Wild Life In Your Home

They’re out there. Creatures you can’t see. Creatures you can’t hear. They’re living in your home: on your doorstep, under your bed – even in your refrigerator. Science doesn’t even know what some of them are. But we want to find out.

It may sound like the premise of a horror movie, but it’s actually an excellent scientific question. What sort of wild life lives all around us, every day? To date, little research has been done on the microscopic bacteria, fungi and other organisms that share our homes. But Rob Dunn, an associate professor of biology at NC State, is trying to change that.

Rob Dunn, associate professor of biology at NC State

Dunn is the driving force behind the “Wild Life of Your Home” project, which is asking volunteers from around the country to take swabs of dust from different areas around the house and send them in. Researchers will then use high-throughput genetic sequencing technology to determine exactly which species are found in each home.

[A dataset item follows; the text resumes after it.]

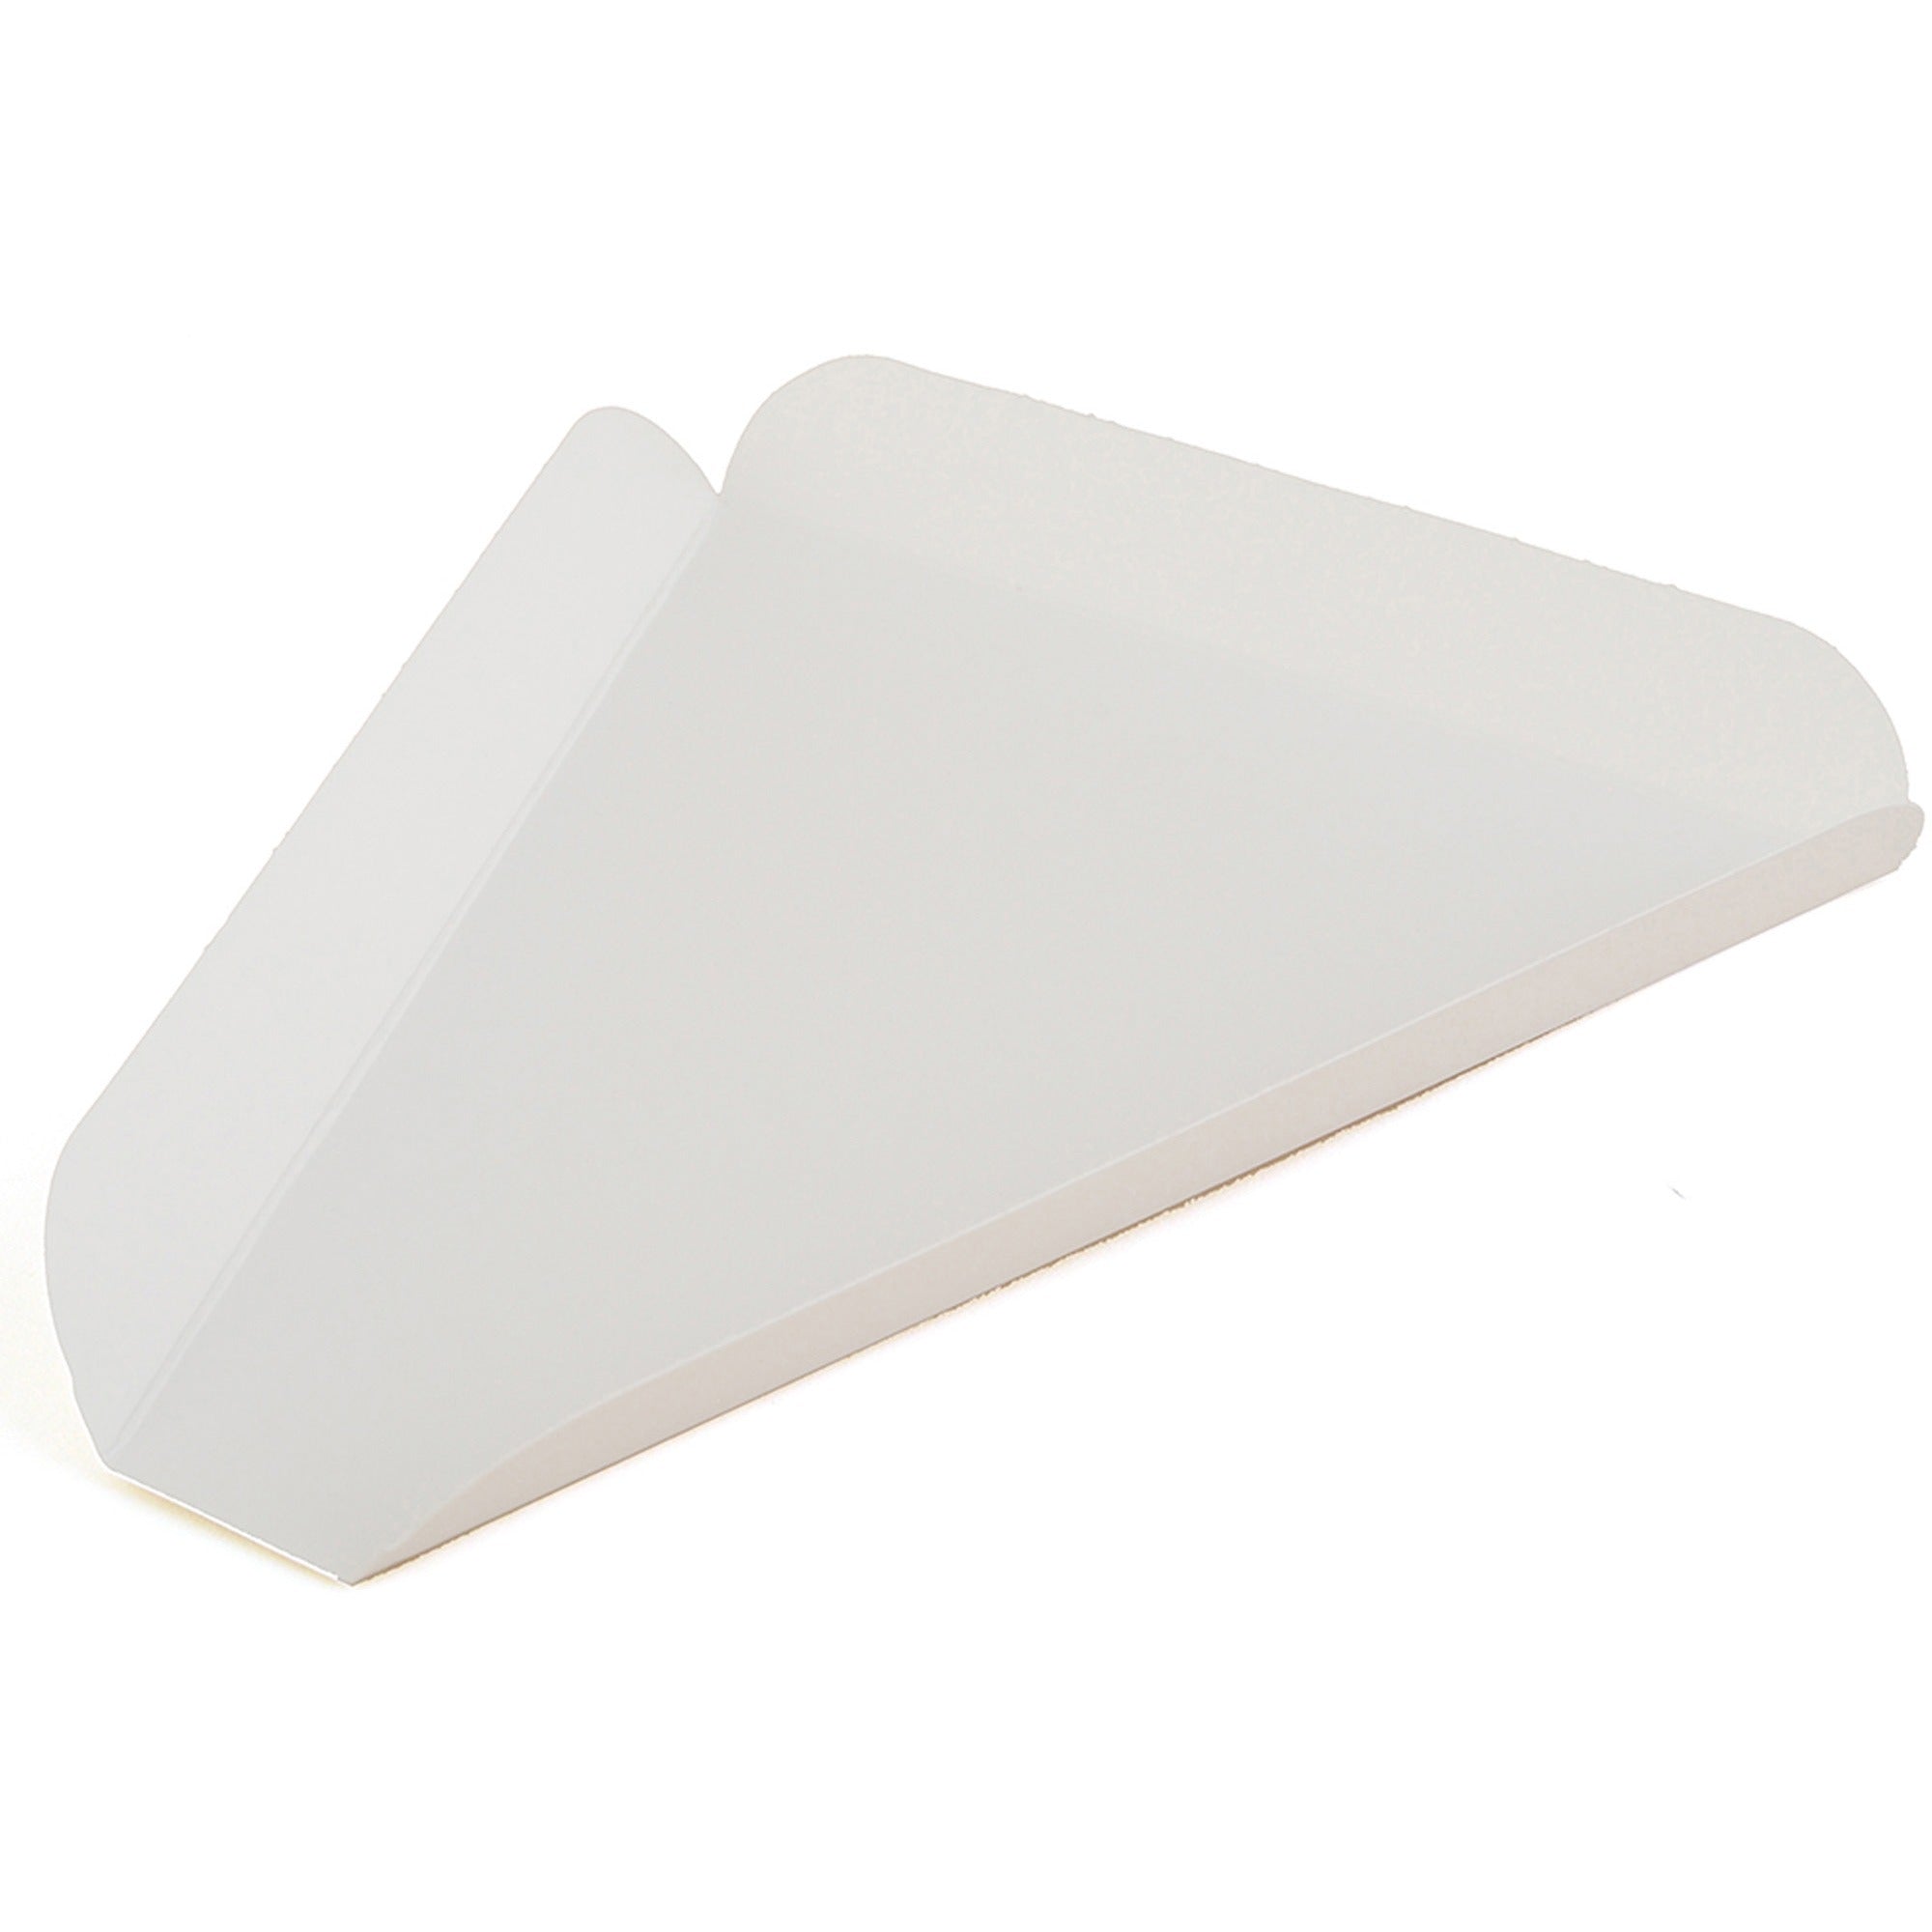 sepg-southern-champ-pizza-wedge-trays-serving-pizza-white-paper-body-500-carton_egs009078 - 1

“We aim to understand, for the first time, how the ways in which we live influence who we live with,” Dunn says. “For example, to what extent do the species around us, particularly those microscopic species we aren’t even aware of, differ as a consequence of how we live?”

To address that question, Dunn’s project is not only seeking volunteers from every state – but from people that live in very different environments. For example, the project hopes to get samples from rural farmhouses as well as big-city apartments.

By shedding light on our inconspicuous houseguests, Dunn hopes to advance our understanding of how human behavior has impacted the evolution of our own ecosystems. After all, it may just be a living room to us, but it is the entire world for countless generations of our microscopic neighbors.

“Some of these species are probably scary,” Dunn says. “And many are absolutely necessary to our well-being. But we can’t begin to understand the big picture until we know what’s out there.”